Women with systemic lupus erythematosus (SLE), their physicians, and their care teams have entered an era where pregnancy outcomes are commonly successful with management expertise, treatment options, and a multidisciplinary approach. Often, normal pregnancy outcomes occur in SLE patients with stable mild to moderate disease and in those with stable lupus nephritis. Patients with initial pregnancy losses can have subsequent live births. Rheumatologist-led prepregnancy planning for patients who desire children is vital to maximizing positive outcomes in pregnancy. This article addresses key considerations in prepregnancy planning, bearing in mind that each patient is unique and requires a personalized approach. As reproductive guidelines evolve, these recommendations may change in the context of additional evidence-based data.

When is the best time for a patient with SLE to become pregnant?

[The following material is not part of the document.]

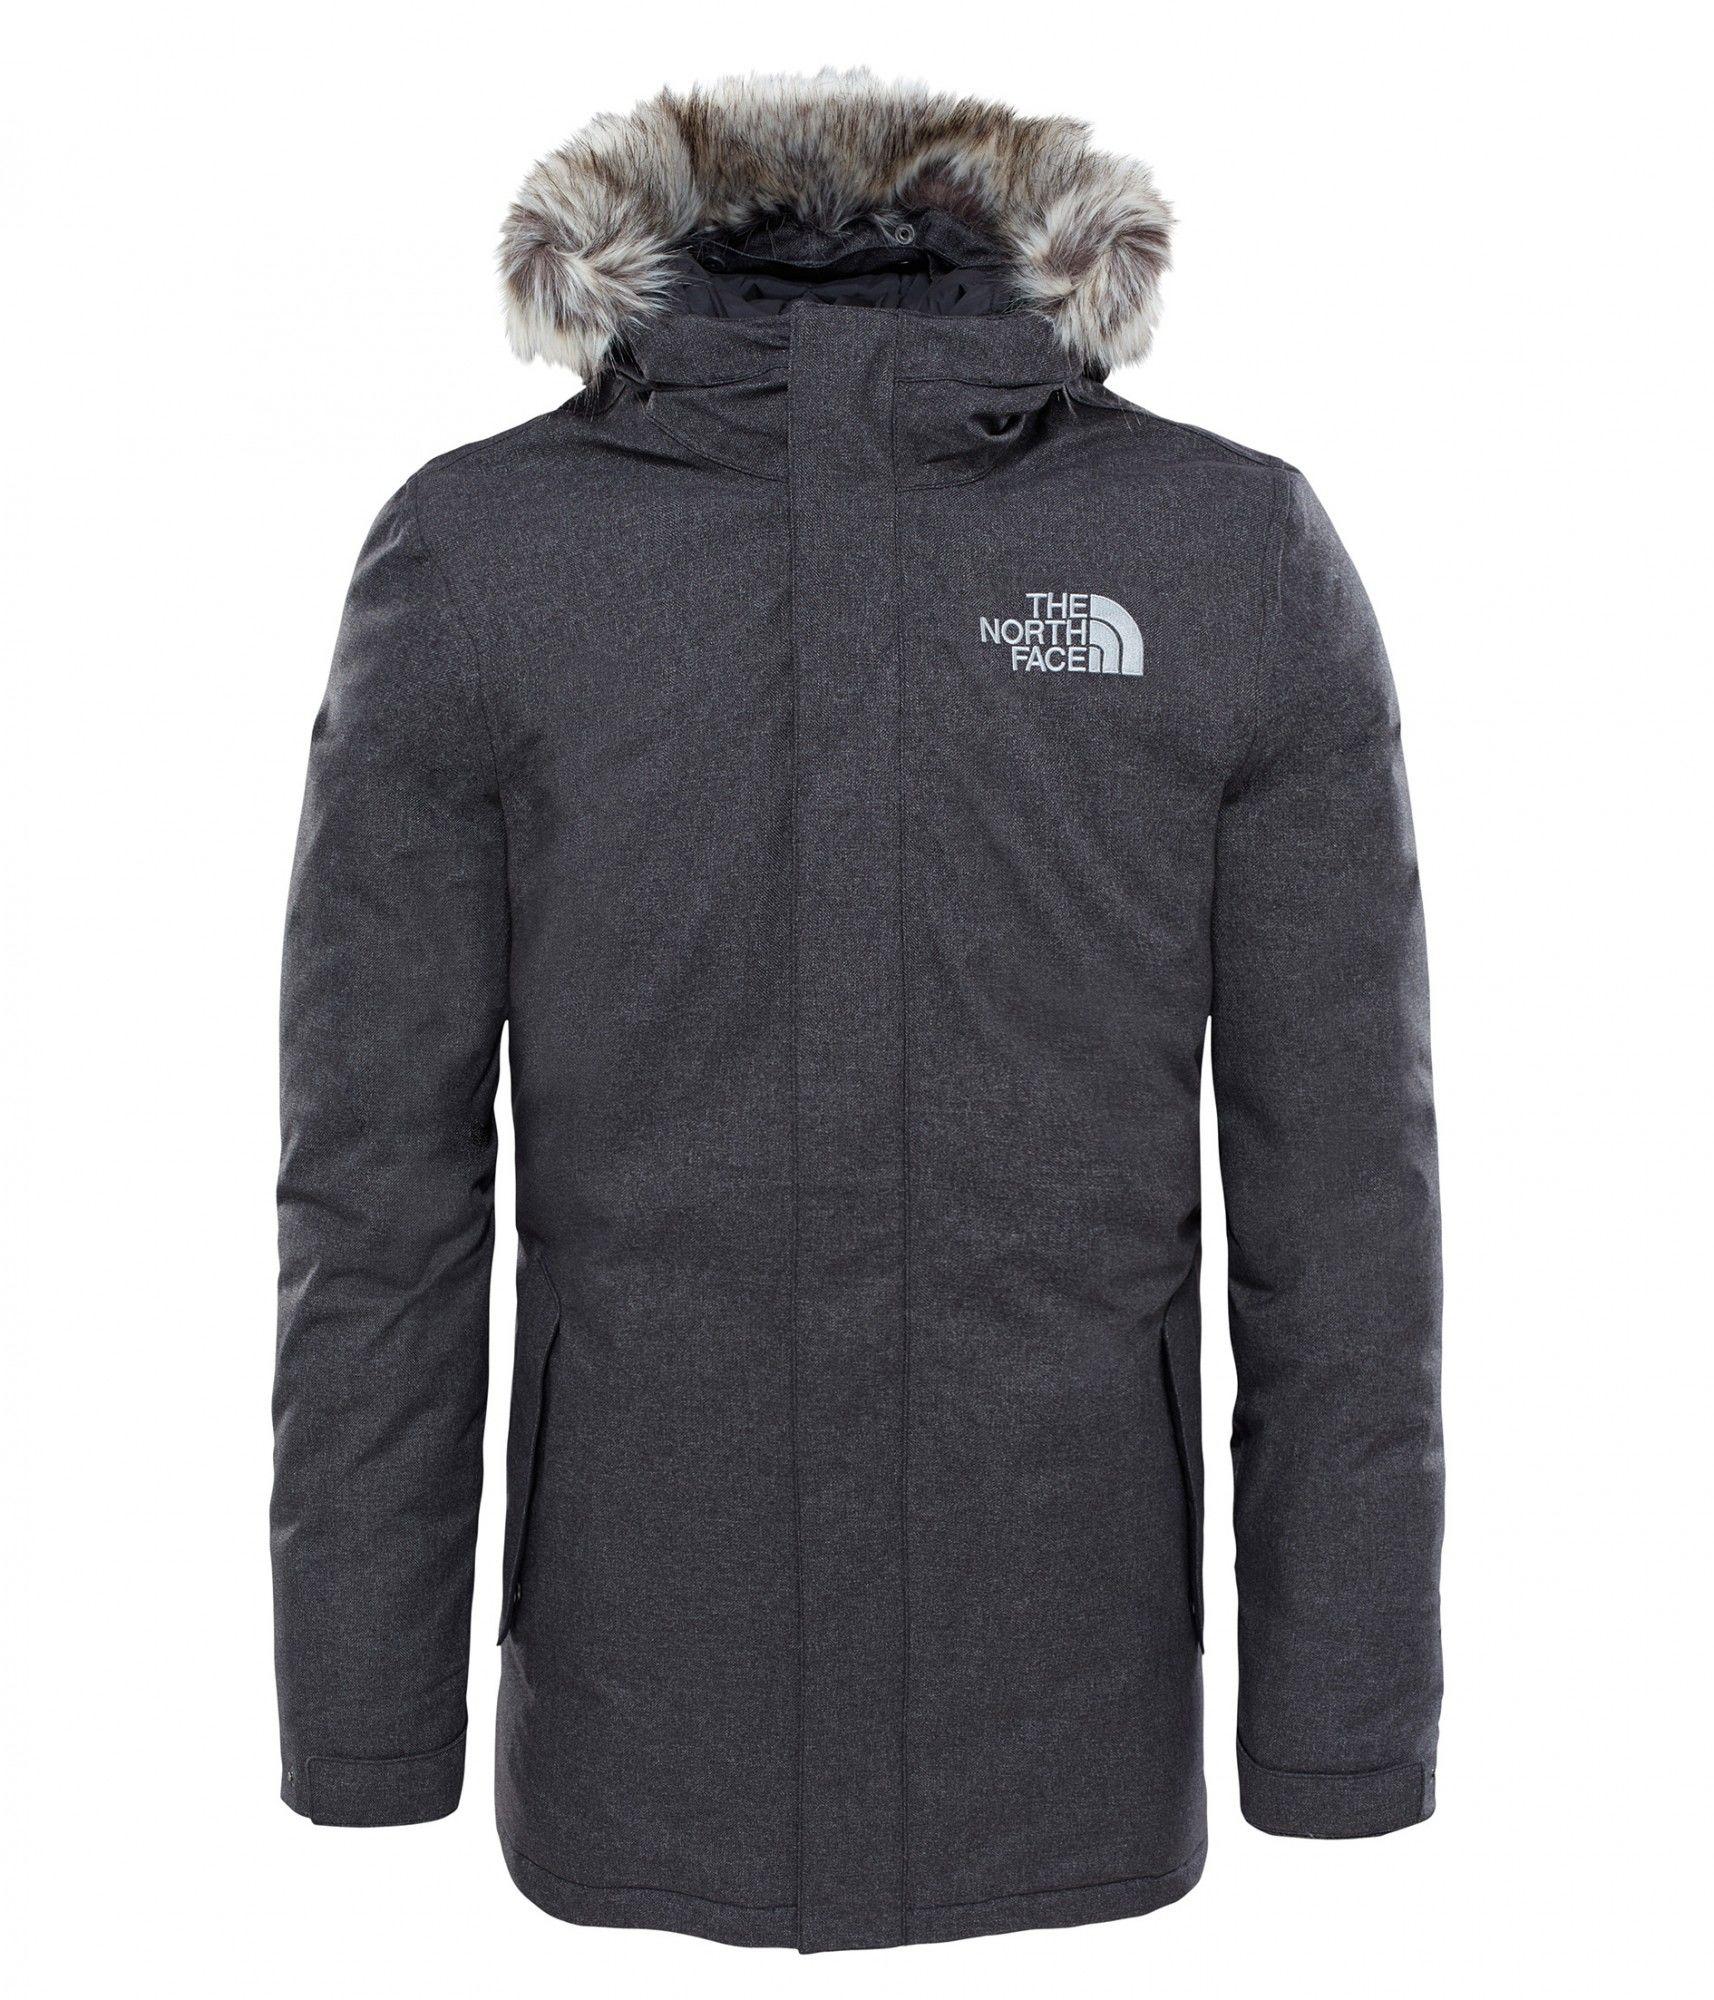 The North Face Zaneck Jacket Grau, Male Freizeitjacke, XL

In general, at least 6 months of controlled SLE prior to conception lowers the risk of flares, maternal hypertension, preeclampsia, and intrauterine growth restriction.

How long before conception should pregnancies be planned?

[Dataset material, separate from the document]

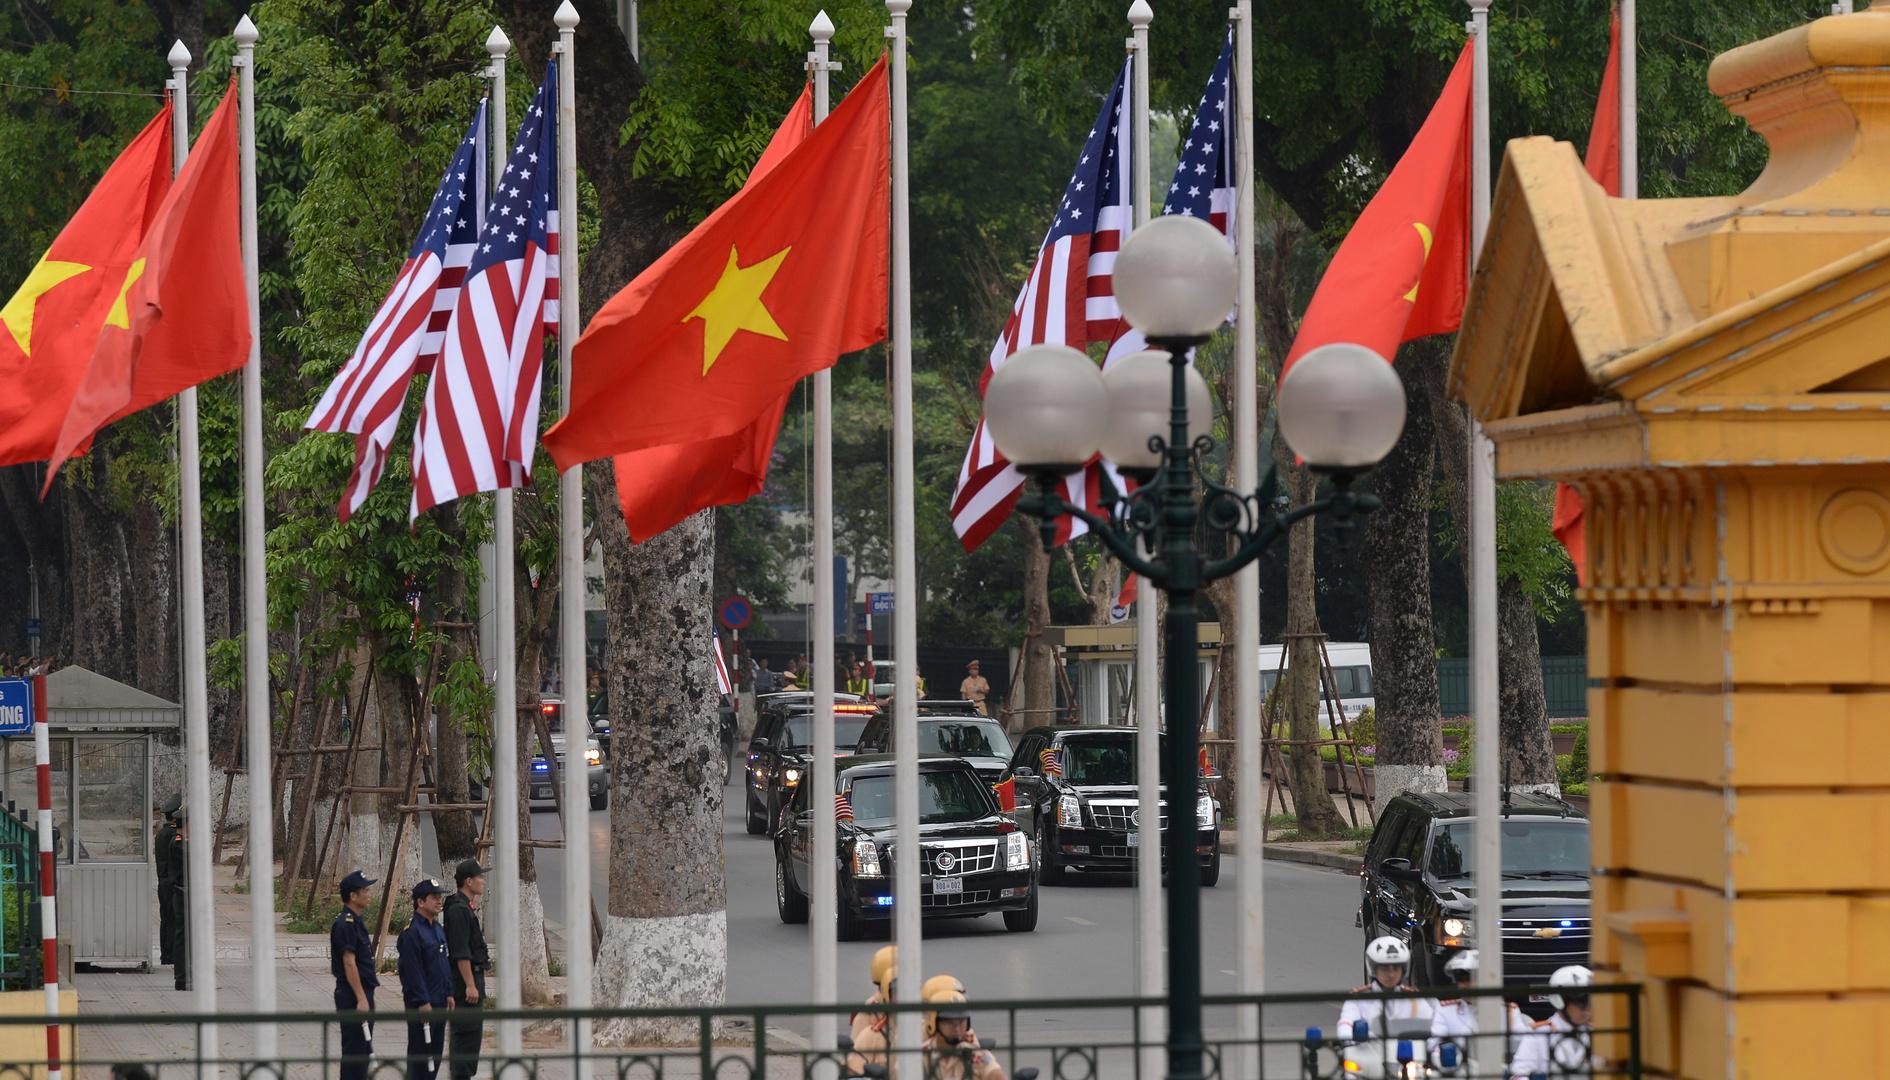 محكمة فرنسية ترفض دعوى تتعلق باستخدام الجيش الأمريكي لمبيد سام في فيتنام

Planning may take 2 to 3 years prior to conception. Important SLE-specific considerations include current disease activity and manifestations, prior organ damage, active medications/medication history, antibody status (specifically anti-Ro/SSA, anti-La/SSB, and antiphospholipid antibodies [APLa]), as well as prior pregnancy outcomes. Factors common to the general population include time to conceive, establishment of social support, and emotional, mental, and financial readiness. Sharing a timeline and anticipated barriers helps patients to set realistic expectations.

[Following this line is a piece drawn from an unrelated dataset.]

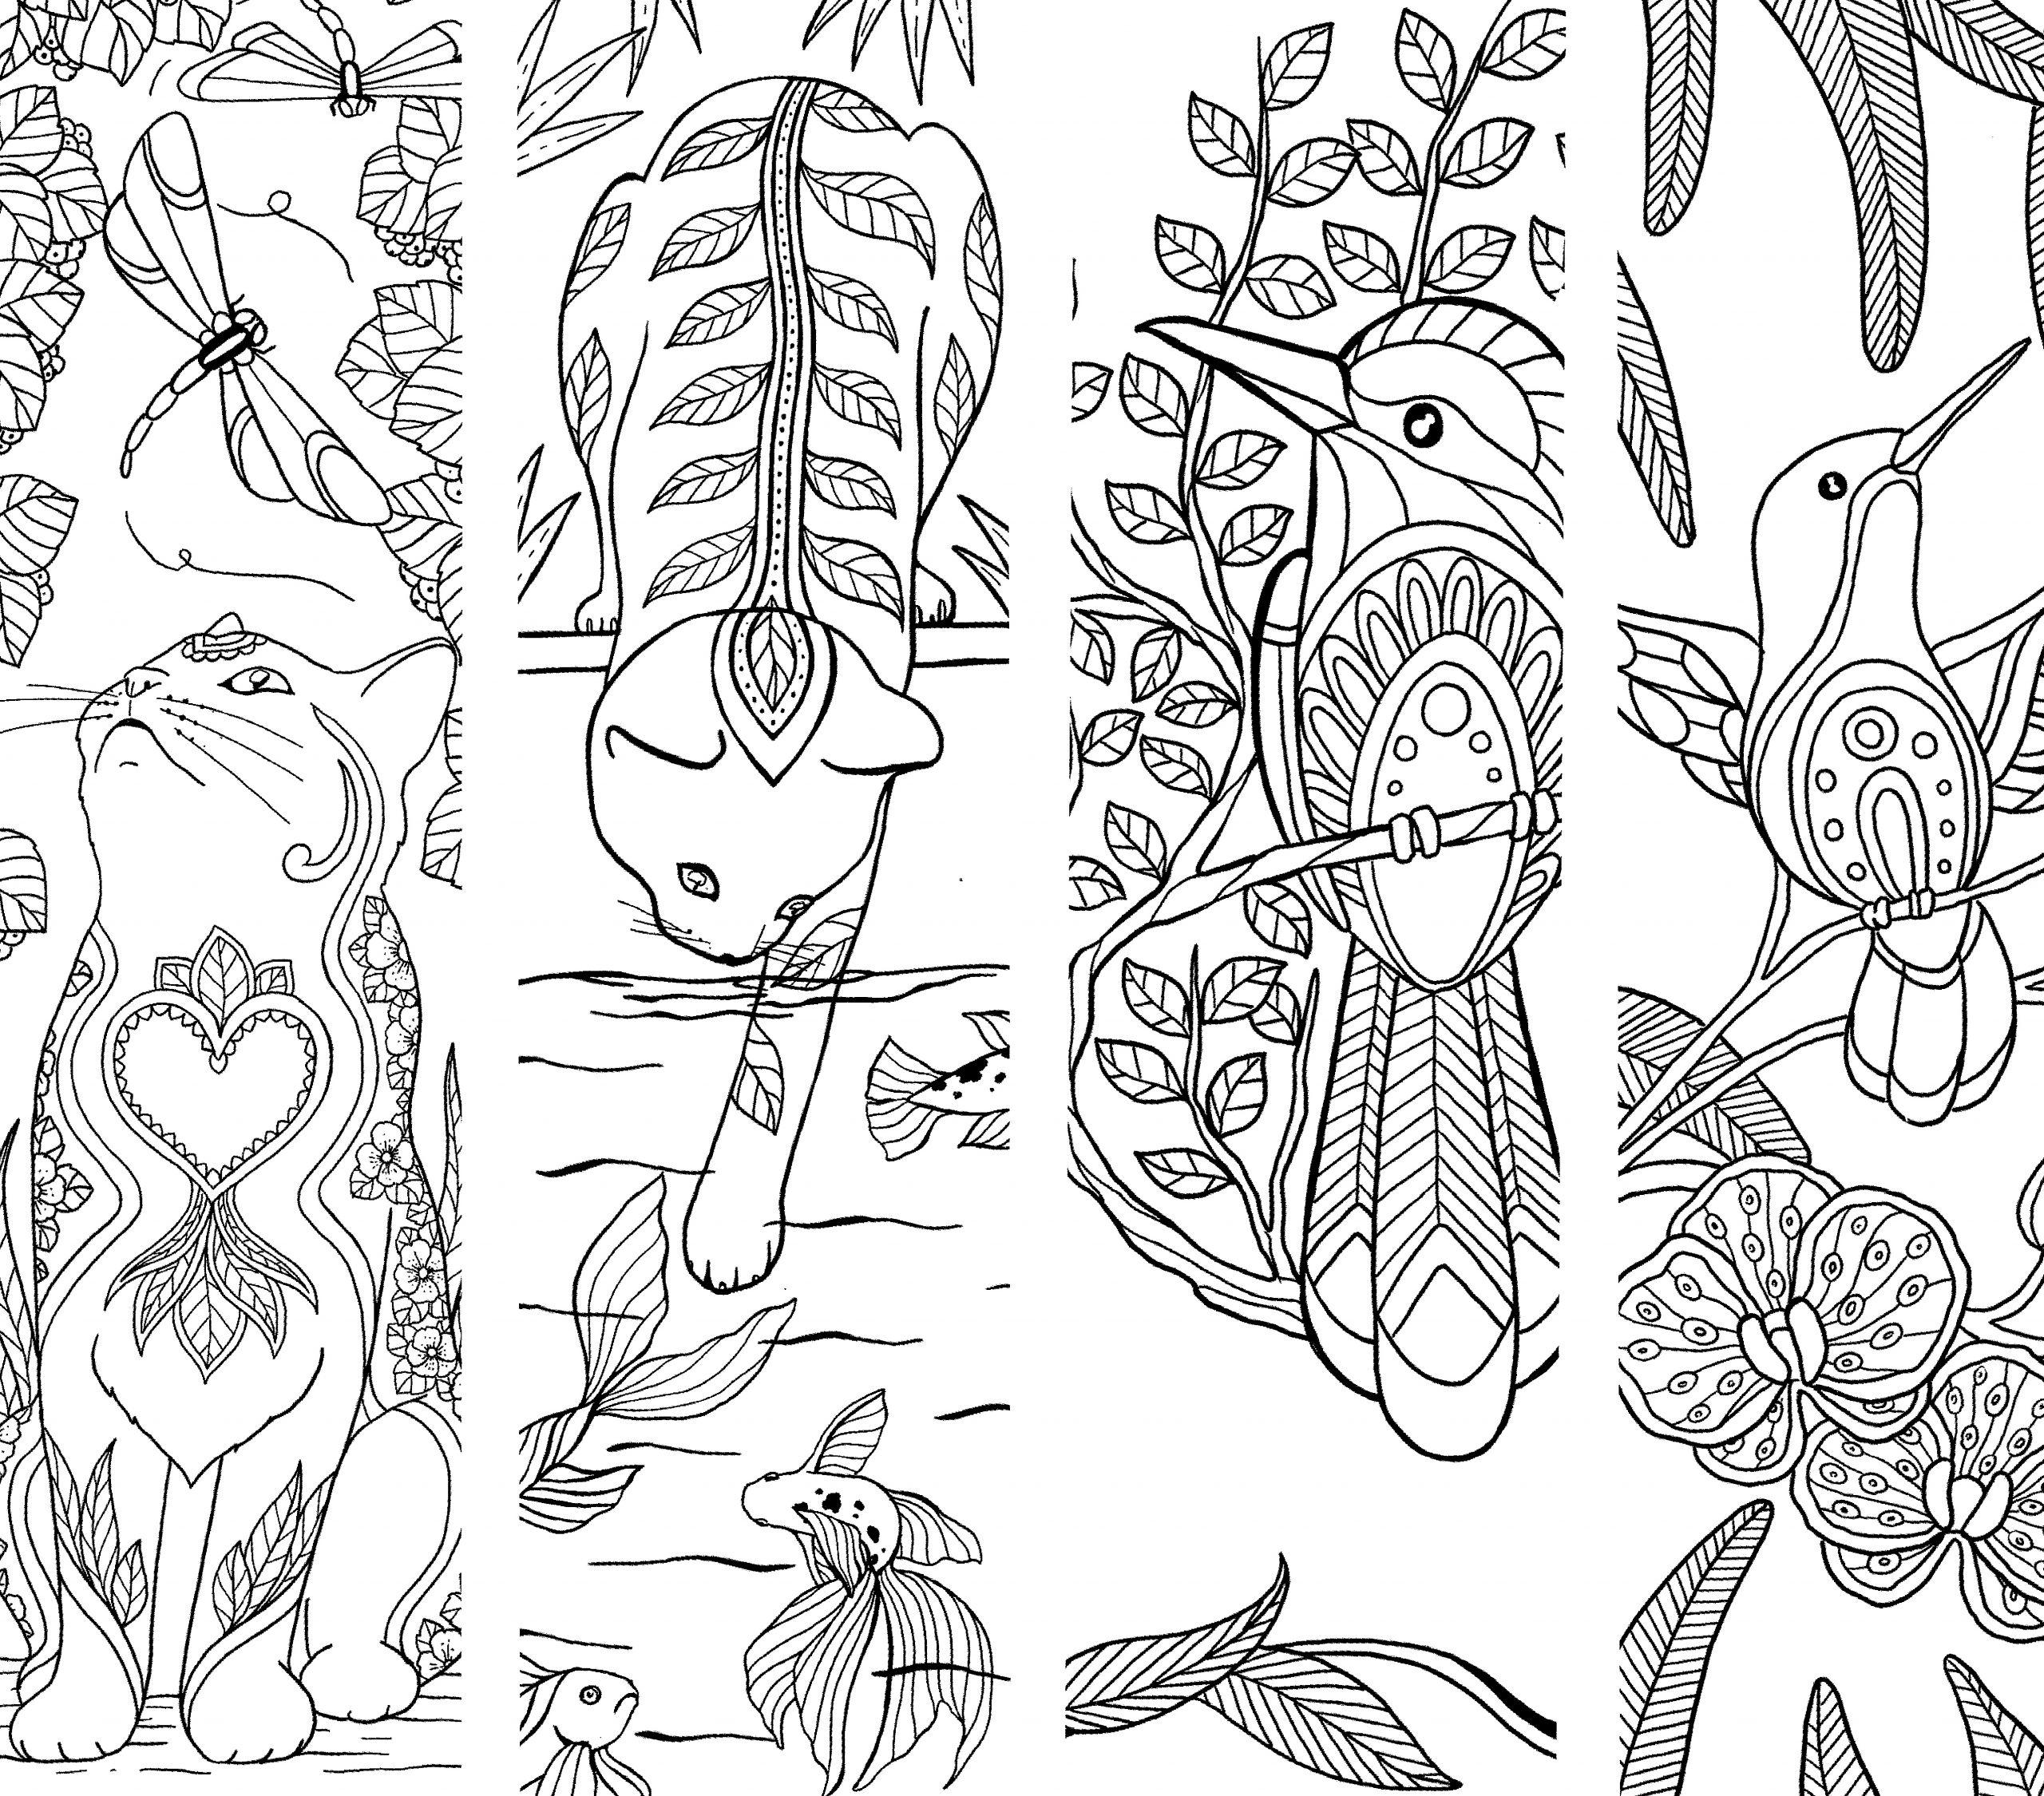 Coloriage Pour Enfants Et Adultes Zen Et Anti-Stress, Mandala concernant Marque Page Gratuit À Imprimer

Which specialists are on the multidisciplinary team? 

It is appropriate to involve maternal-fetal medicine (MFM) specialists at the preconception counseling phase. Consider MFM referrals for active or recent severe manifestations such as stroke, cardiac involvement, pulmonary hypertension, severe interstitial lung disease, and lupus nephritis, as well as positive antibody status (anti-Ro/SSA, anti-La/SSB, APLa). In select scenarios—severe pulmonary hypertension, interstitial lung disease, for example—the risk of pregnancy may be too great for maternal survival. For these patients, surrogacy or adoption may be safest options. In addition to MFM specialists, nephrologists, hematologists, cardiologists, and/or pulmonologists are important to include in the team depending on relevant organ manifestations. Patients can expect increased frequency of blood draws and office visits, and if there is anti-Ro/SSA or anti-La/SSB positivity, fetal echocardiography.

What are common complications during pregnancy in SLE?

Flares: The overall risk of SLE flare during pregnancy is relatively low, and when flares do occur, most are mild to moderate. Flares conferring the highest obstetric risk are severe flares of nephritis, cytopenias, serositis, and central nervous system lupus.

Maternal Outcomes: Rates of maternal hypertension, preeclampsia, and eclampsia are significantly increased among patients with SLE, particularly in those with a history of nephritis, chronic kidney disease, and/or APLa positivity. Risk of renal damage is high in those with history of nephritis.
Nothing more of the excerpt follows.